Review of potential areas for global harmonization of risk assessment protocols for Food Contact Materials (FCMs)
Nerin Cristina, Alan R. Boobis, Kanungo Debarata, Dubail Sarah, Thomas Gude, Christian Kirchnawy, Knaup Bastian, Konrad Korzeniowski, Lacourt Charlene, Olivier Vitrac, Si Wang, T. Oldring Peter K.
Abstract
Food Contact Materials (FCMs) are produced and marketed worldwide global value in excess of 400.20 billion dollars. All FCMs have to be safe and guarantee the safety and security of food in contact with them. Specific regulations, which establish the rules for all materials, exist in different regions, which implies that the same material has to comply with different limits depending on the region in which it is distributed and marketed. This paper reviews differences and similarities between the FDA, EU, MERCOSUR, India, China, Japan and Thailand. Various areas essential for a risk assessment are compared. Requirements for testing substances or materials is an area where there are divergencies or commonalities. Harmonization of regulations and procedures is needed, as humans are the same, independently of where they live, and the substances released by the FCMs are the same. The same protocols and procedures are not applied worldwide, but the results are essential for the risk assessment of FCMs. Examining the approaches of different regions showed that there is room for harmonization in many areas, to obtain a more harmonized risk assessment and facilitate subsequent risk management. This review establishes the main areas of risk assessment of FCMs, compares the main regulations in different regions and discusses the essential areas that influence their global risk assessment and provides a guide to help to the development of the relevant research field and industry.

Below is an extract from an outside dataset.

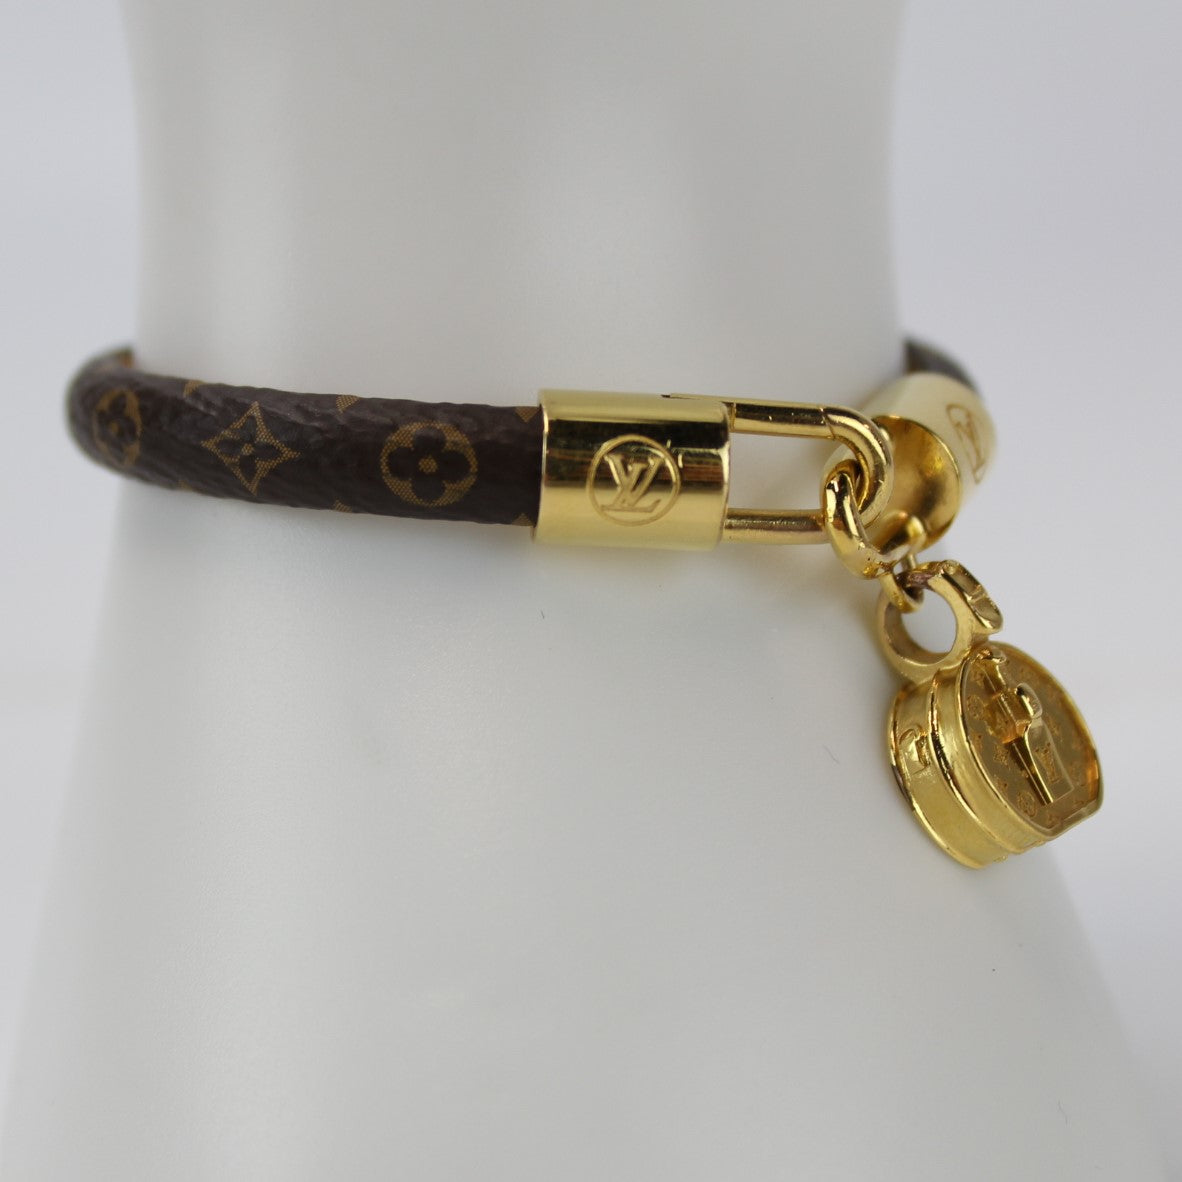 Louis Vuitton LV Tribute Bracelet

Some examples and proposals for the main areas for harmonising risk assessment globally, are given. • Criteria for risk assessment in FDA, EU, Mercosur, India, China, Japan and Thailand are reviewed. • Hazard identification and characterization are discussed. • Exposure assessment and risk characterization are discussed. • Experimental data required for risk assessment are described. • Areas closer to risk assessment harmonization are highlighted.